The Algoy Perspective
The most critical gap that compliance frameworks and regulatory guidance do not address is the absence of a unified, real-time operating model for ICT risk. Most banks still have siloed ICT risk capabilities: security teams manage vulnerability and access controls, operations teams manage availability and disaster recovery, enterprise architecture teams manage dependencies, and business continuity teams manage scenario testing. No single function has visibility into whether the bank’s actual ICT operations conform to its DORA obligations at any given moment.
The strategic implication is this: DORA compliance cannot be achieved through policies and annual audits alone. It requires the operational equivalent of a real-time risk dashboard that shows whether each critical service has redundancy, whether all material service providers are within approved concentration limits, whether all testing is current, and whether the institution can actually survive the failure modes it claims to have tested. Banks that are still operating DORA compliance as a compliance function (checklist-driven, policy-focused, once-annual) will continue to fail regulatory examinations. Banks that are operationalising DORA as a continuous operational capability (monitoring-driven, scenario-based, real-time) are moving through examination cycles with minimal findings.
The uncomfortable fact is that most large EU banks still lack this operational integration. The compliance function knows about DORA requirements; the technology function knows about ICT risks; the business continuity function knows about testing. But no single team owns the proof that the institution is actually resilient according to DORA’s criteria.

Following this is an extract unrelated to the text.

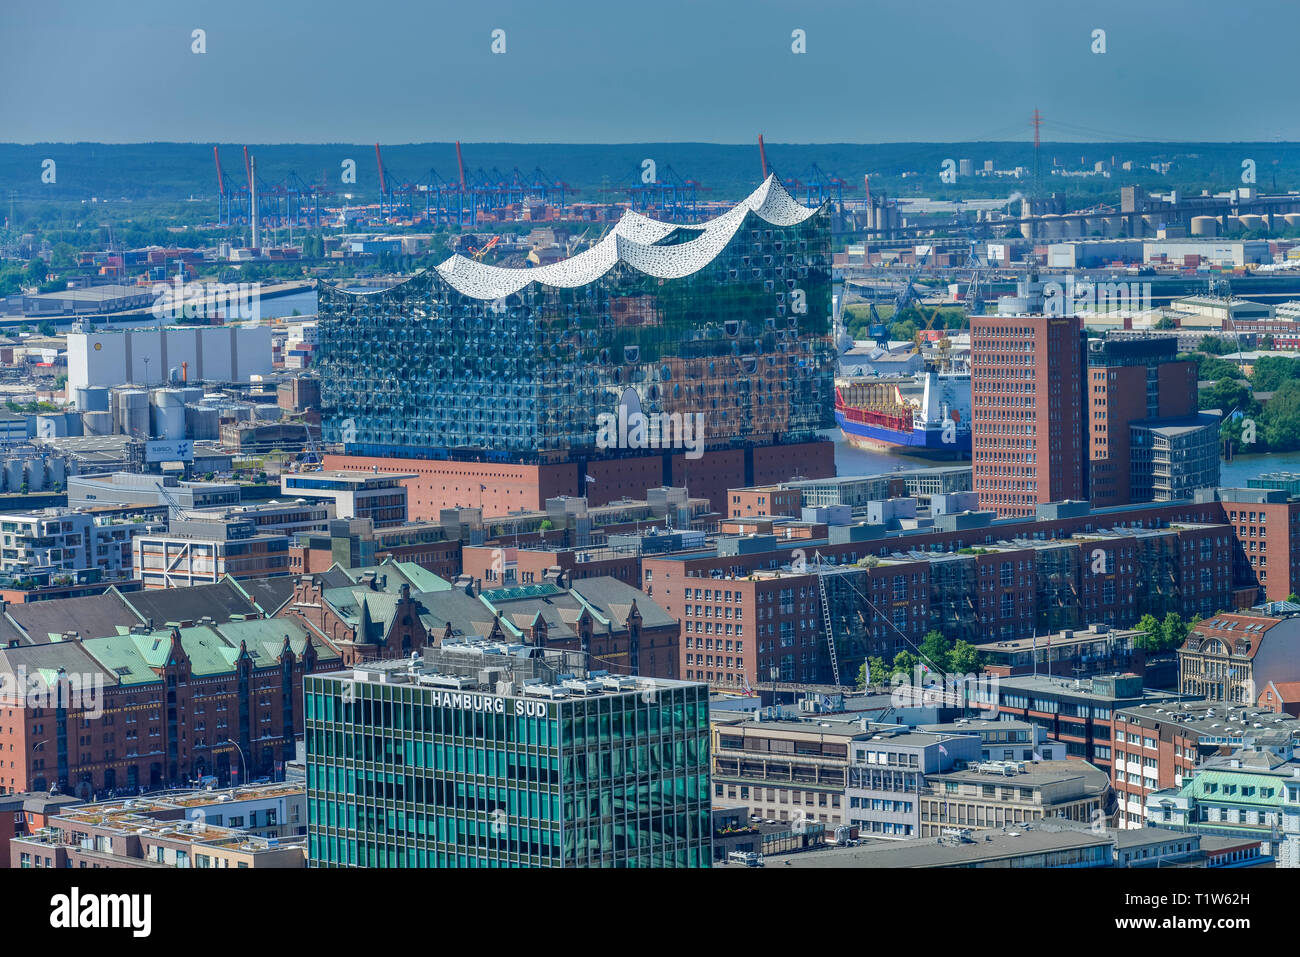 Elbphilharmonie, Hafencity, Speicherstadt di Amburgo, Deutschland Foto Stock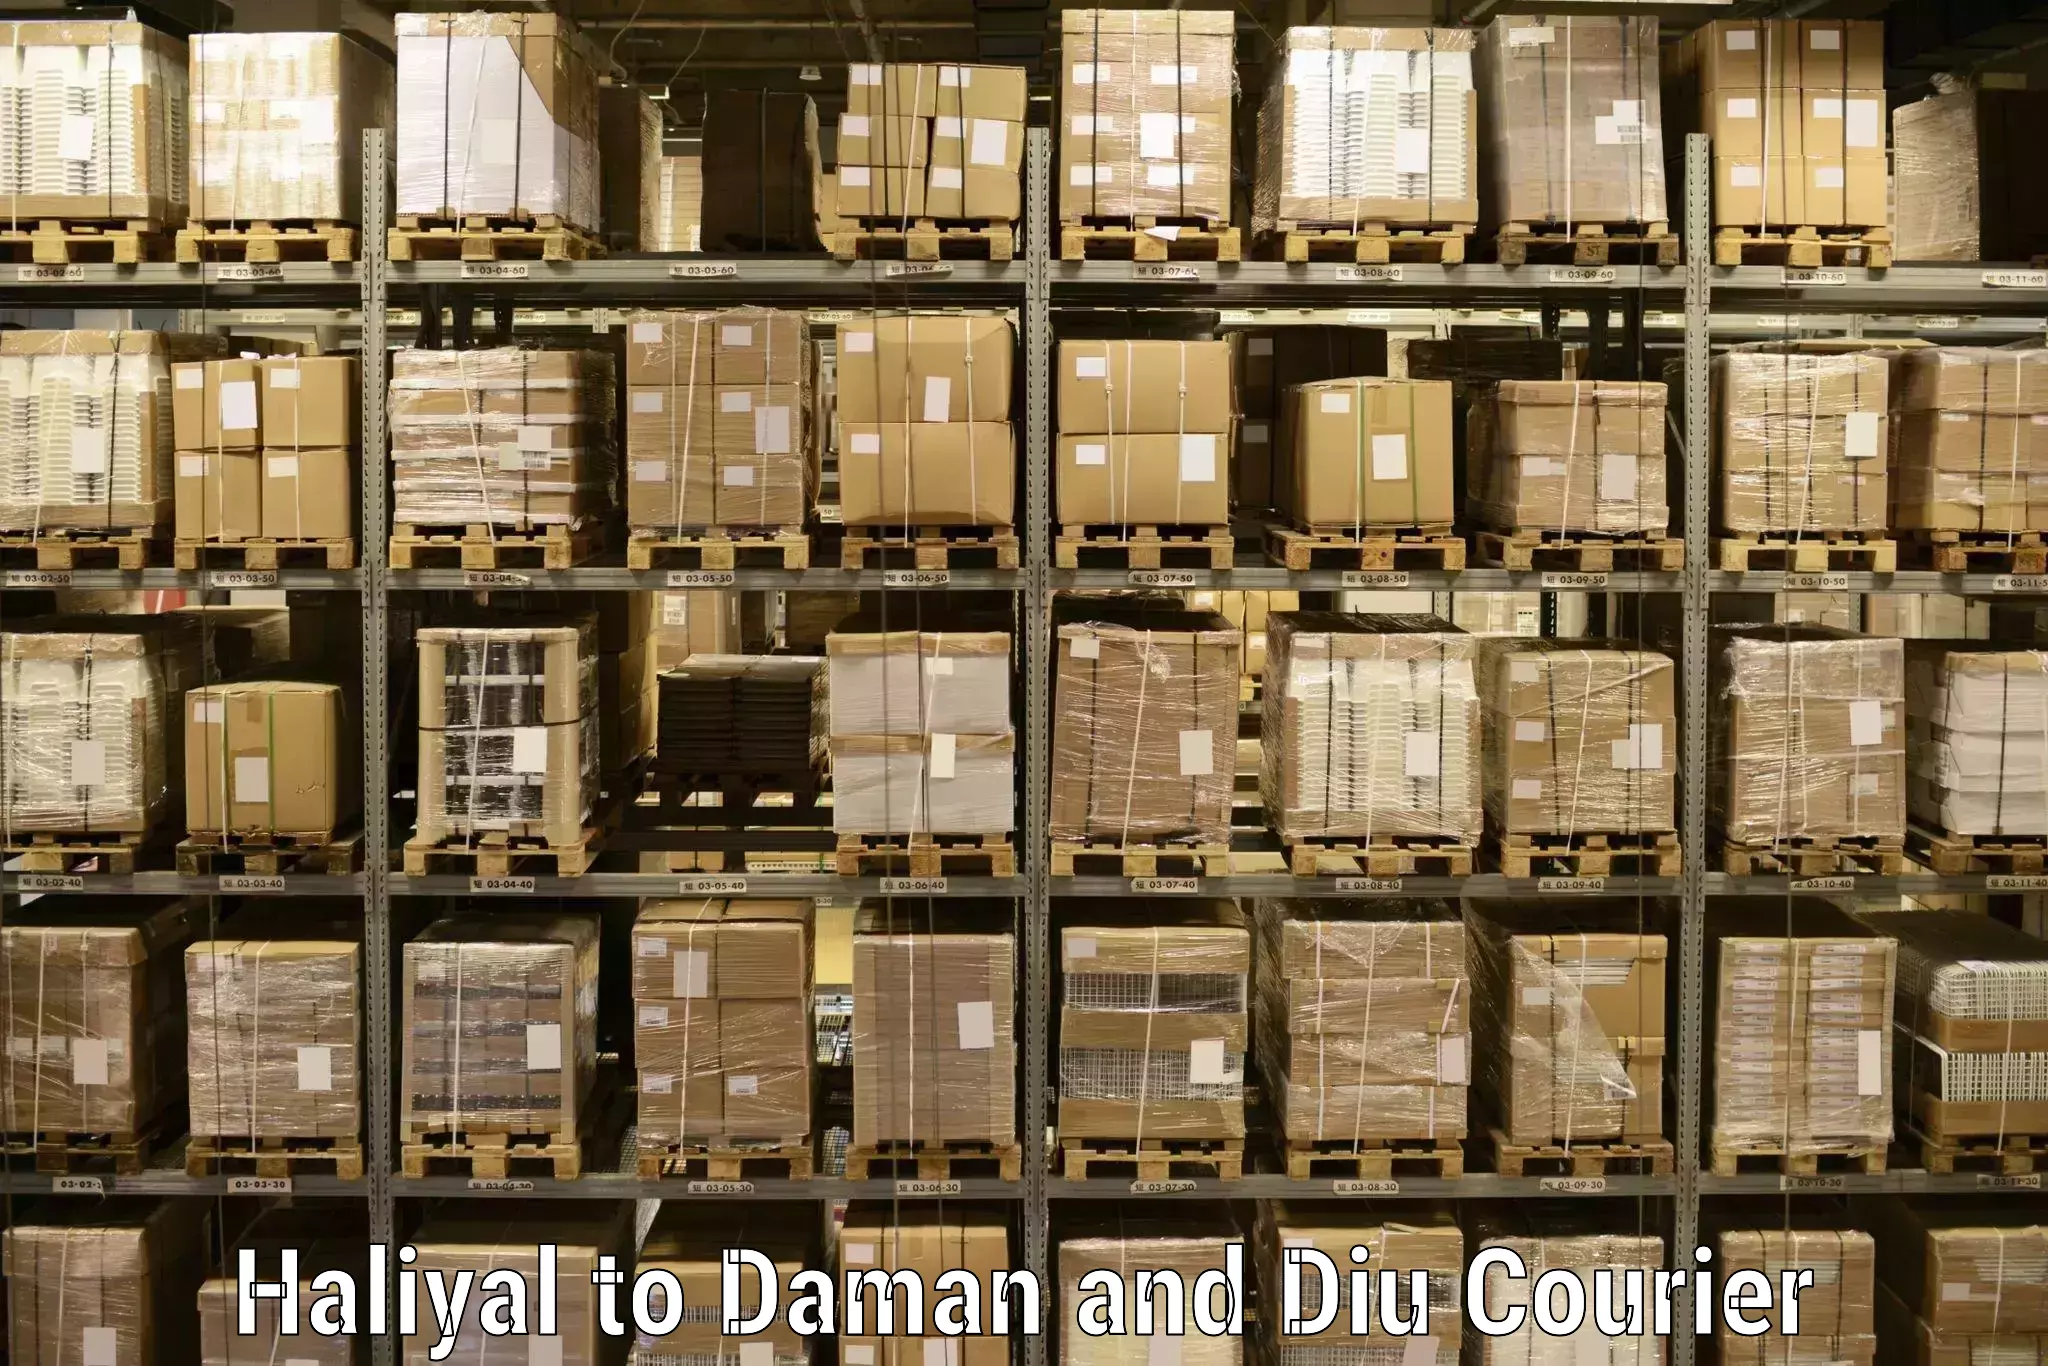 Global shipping networks Haliyal to Daman and Diu

This is the gap that will generate the next wave of regulatory enforcement findings.
Frequently Asked Questions
What is the difference between DORA’s “major incident” and my bank’s existing incident severity definitions?
DORA defines a major incident by financial impact and system materiality, not by technical severity. A partial outage affecting 2% of transactions is likely material under DORA even if your incident management system classifies it as “high severity” rather than “critical”. Map your existing severity levels to DORA’s materiality criteria (significant impact on operations or markets) rather than to your technical definitions, and you will align your reporting process with regulatory intent.
Does a SOC 2 Type II report from a cloud provider fully satisfy DORA’s third-party oversight requirements?
No. SOC 2 reports are useful but not sufficient. DORA requires you to independently verify that the provider’s controls cover the specific risks material to your institution, that the provider meets your contractual service levels, and that concentration risk is managed. You must review the SOC 2 report against DORA-specific criteria and conduct your own periodic risk assessment of the provider, typically at least annually.
Our bank has passed ISO 27001 certification. Does that mean we are DORA compliant?
ISO 27001 addresses information security controls and governance, which overlap with DORA’s security requirements. However, DORA also mandates specific obligations around ICT dependency mapping, concentration risk limits, incident reporting timelines, and scenario-based testing that ISO 27001 does not cover. Certification against one does not substitute for compliance with the other; they are complementary but not equivalent frameworks.
What should we prioritise if our bank has not yet closed all DORA compliance gaps?
Prioritise end-to-end dependency mapping of critical services first (which informs all other controls), then align your incident classification process with DORA’s materiality definition and implement the parallel reporting workflow to meet the 15-day deadline. These three operational capabilities generate the most examination findings when they are absent. Generic policy improvements are less urgent than fixing the operational visibility and incident response process gaps.